Wait until the problem gets worse, and they begin to....
But wait, wait! I cannot divulge what the future holds.
Let us instead consider the past:
The NHS cannot, and never has been able to, offer every treatment to everyone who needs it.
The NHS is funded from taxes, and it spends more than £42bn every year - £779 for every person in the UK. But it is not a bottomless pit of funds and some treatments have to be restricted.
Raising taxes to pay for every possible need is politically unthinkable, as it would require a massive increase in income tax to raise enough revenue to make a significant difference to spending.
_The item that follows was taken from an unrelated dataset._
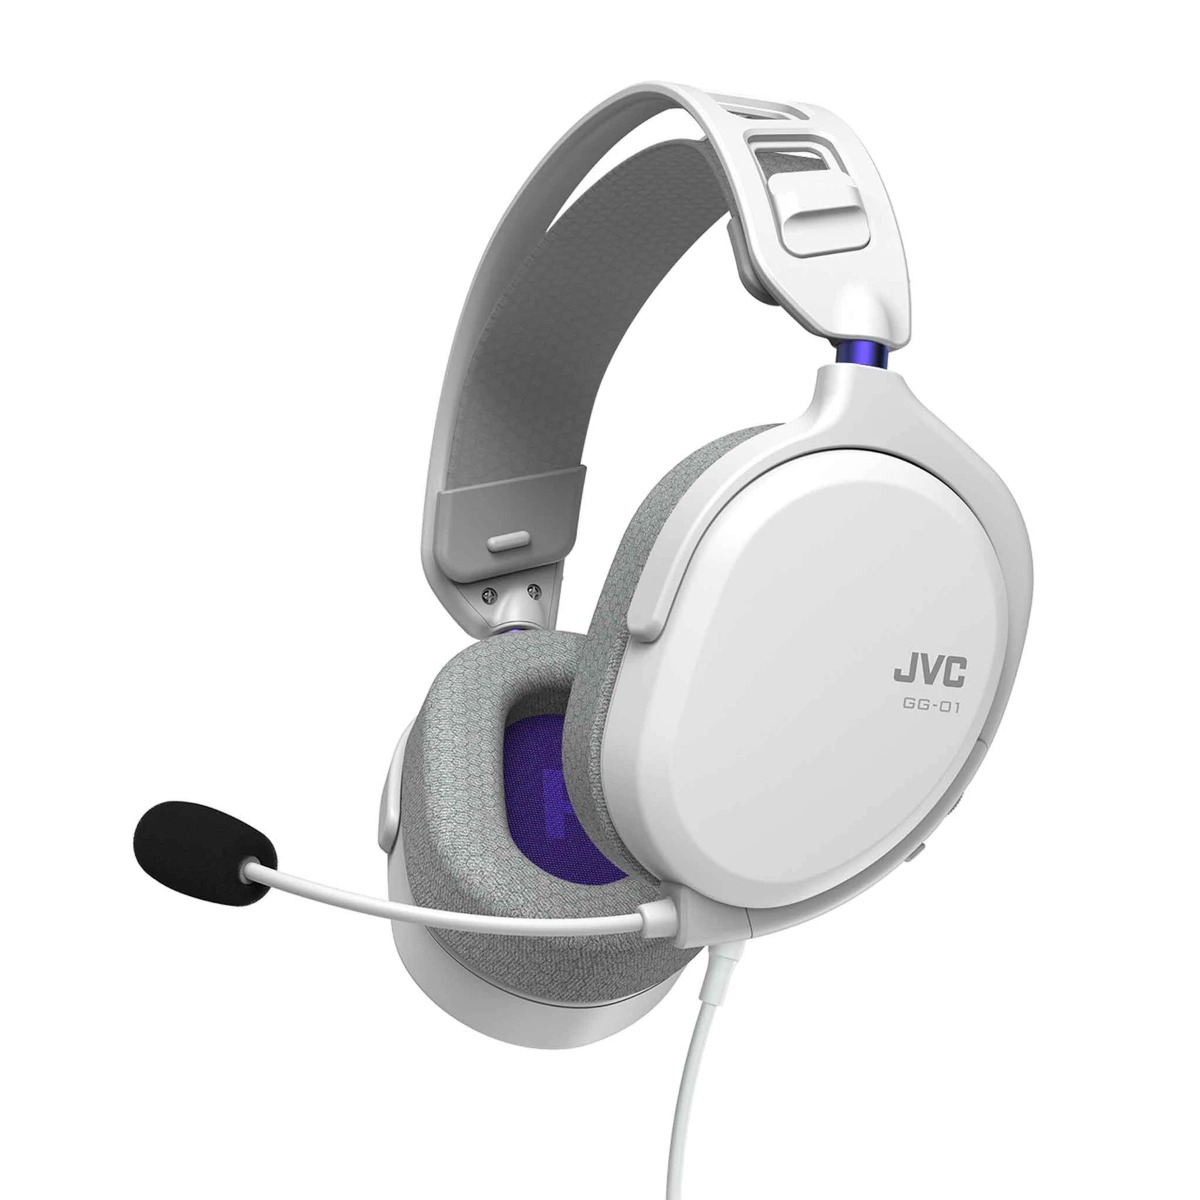 JVC GG-01HQ Gaming slušalice sa jastučićima za uši od meke mreže od memorijske pene za dugo igranje igrica uz savršen zvuk. 
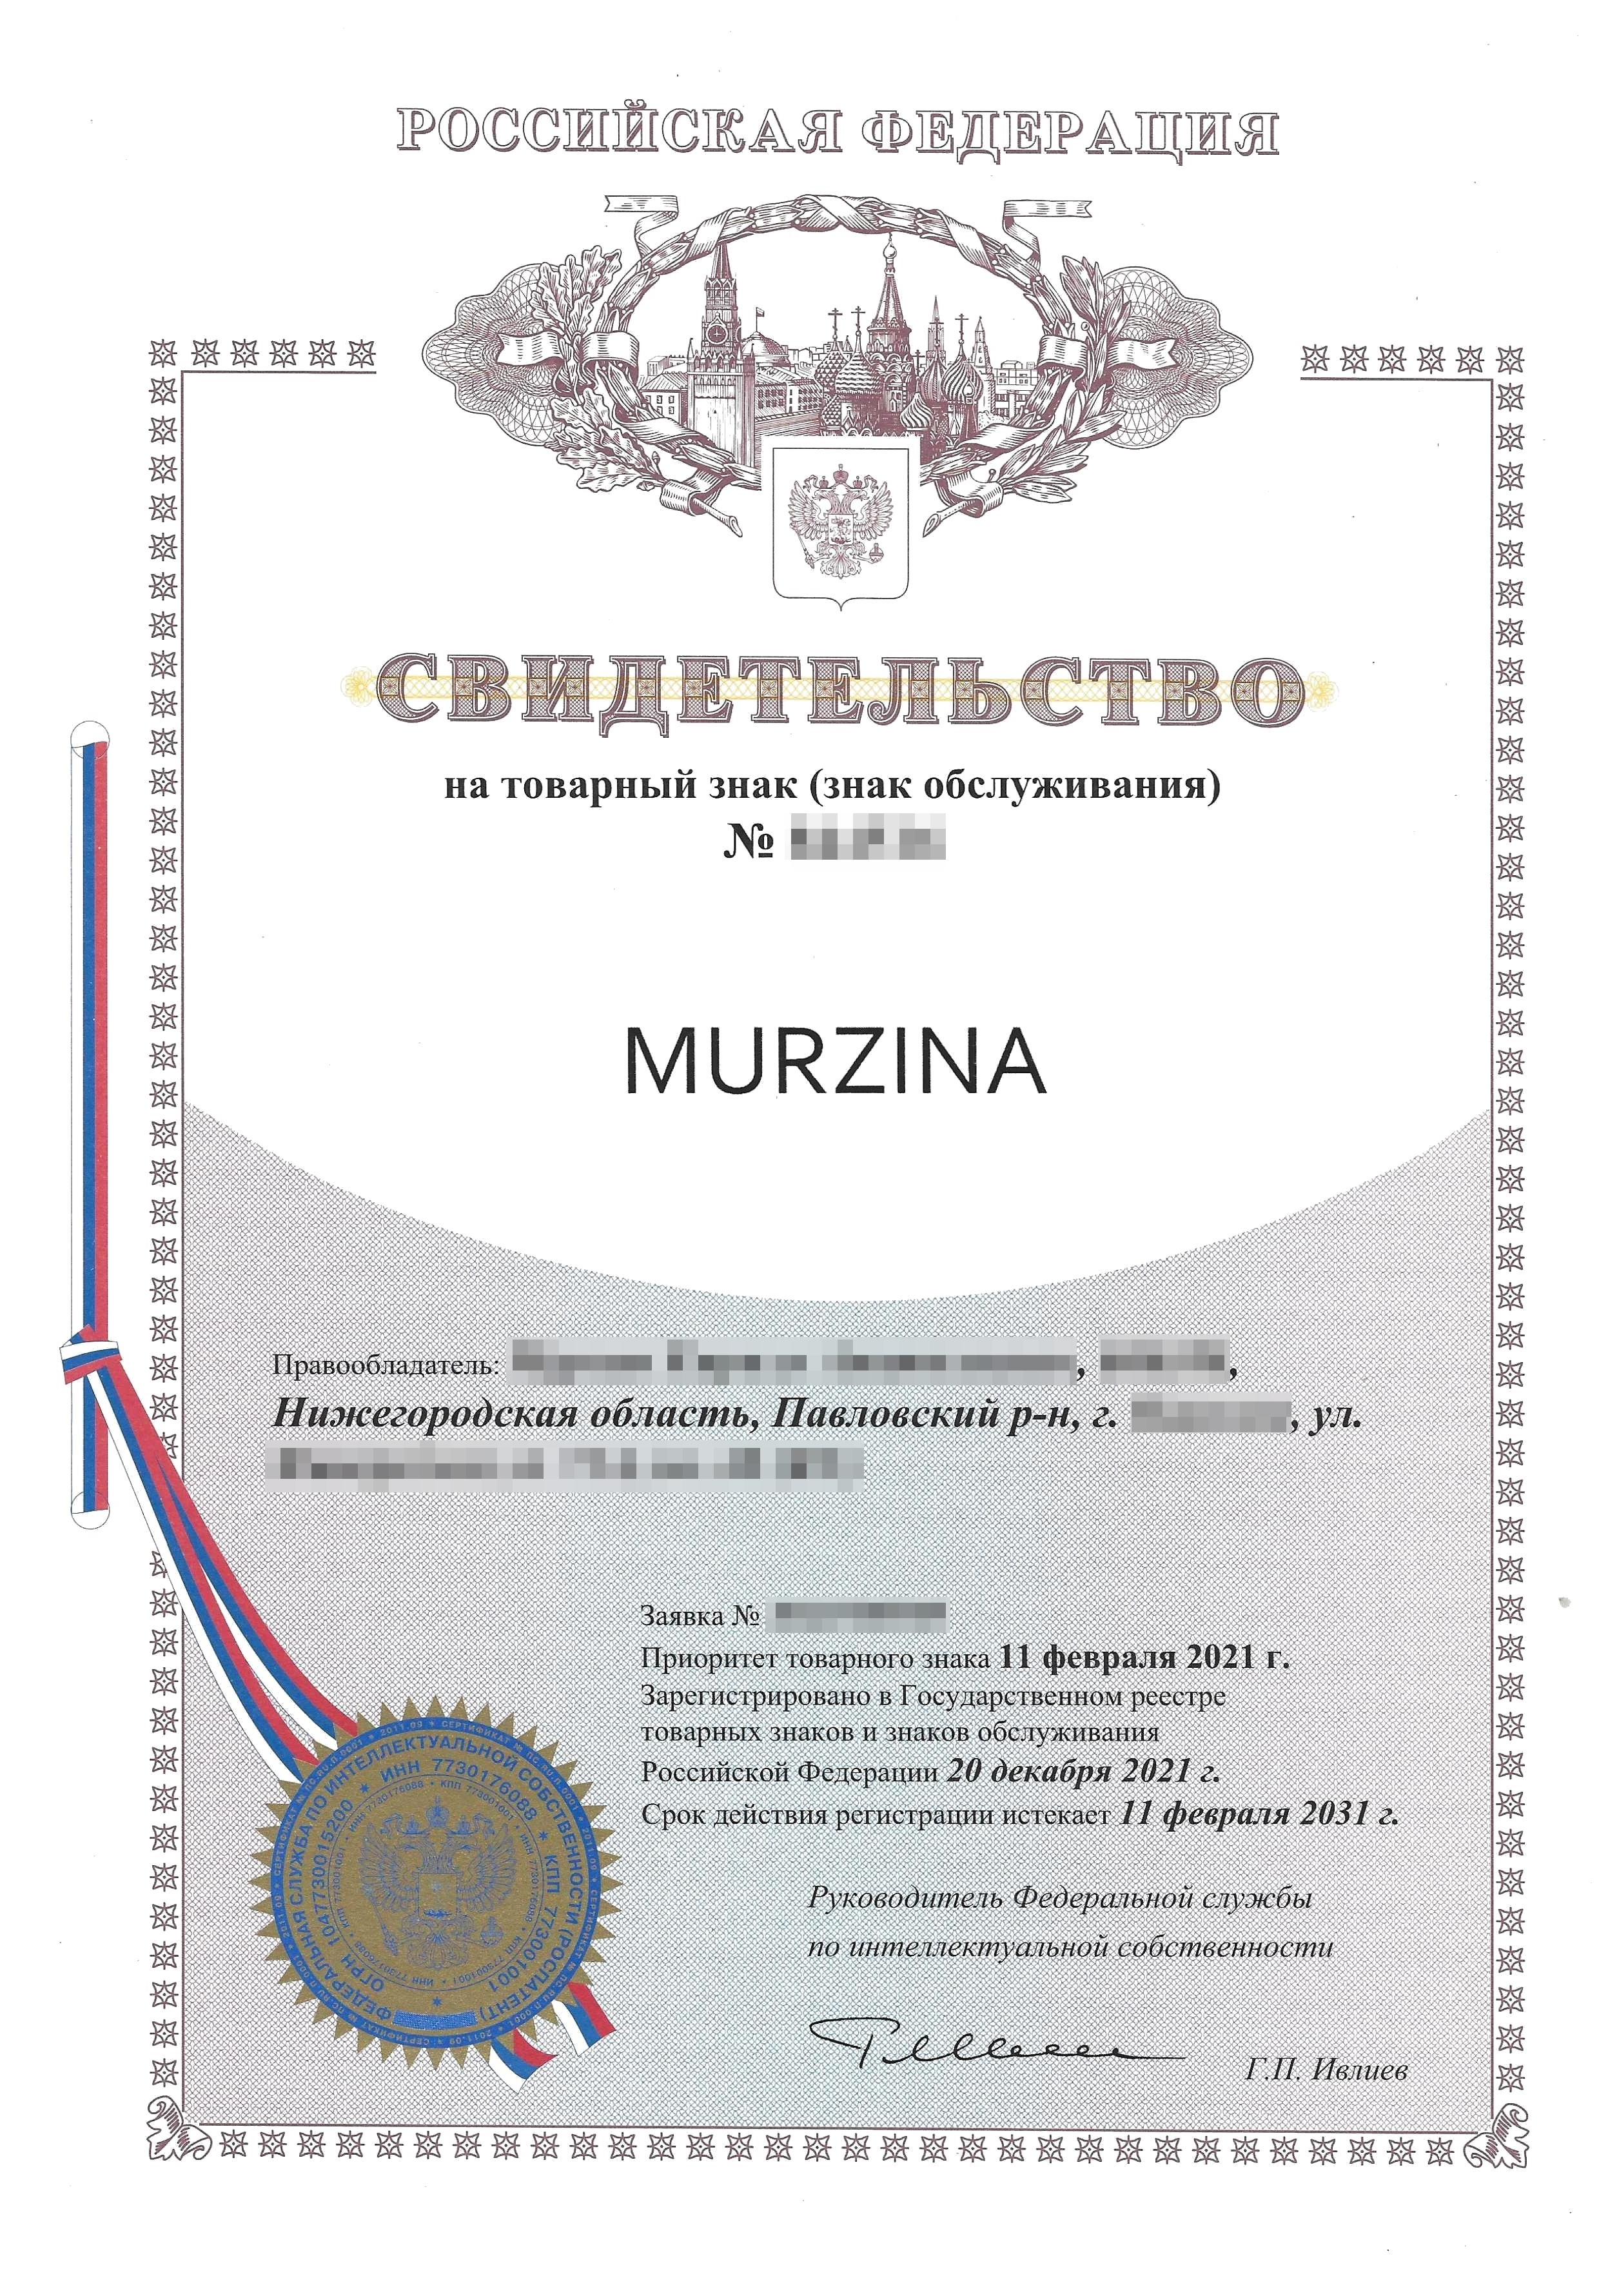 Несколько примеров регистраций товарных знаков моих заказчиков, которые работают на маркетплейсах: Murzina — это словесный товарный знак на латинице, бренд женского нижнего белья

This means some treatments have to be restricted, or rationed.
Rationed healthcare?
But of course!
The healthcare climate in the United Kingdom is insular. It lives in a storm zone of its own creation: the National Health Service. Everything revolves around the myth of the NHS. In politics, openly expressed doubts about its absolute and eternal validity will cast a politician into outer darkness. Even the Thatcher government—the most radical in the UK since the Attlee government of 1945-50 which set up the NHS—had to struggle desperately to prove to an incredulous electorate in the 1980s that 'The NHS is safe in our hands'. Belief in a myth will permit the faithful to discount reality. That is not being flippant. The rationing climate in the UK is tied to the myth of the NHS, its inviolability, and its ultimate sanctity in the eyes of the people and of health experts alike. The myth dictates that rationing is worth enduring if it will help to keep the NHS virginally 'intact'. Of course, everybody knows that the NHS is underfunded and that rationing is therefore inevitable. All that is required of the experts is that they should tell us how to ration health care fairly and effectively.
Rationing healthcare fairly and effectively means deciding who lives, and who dies.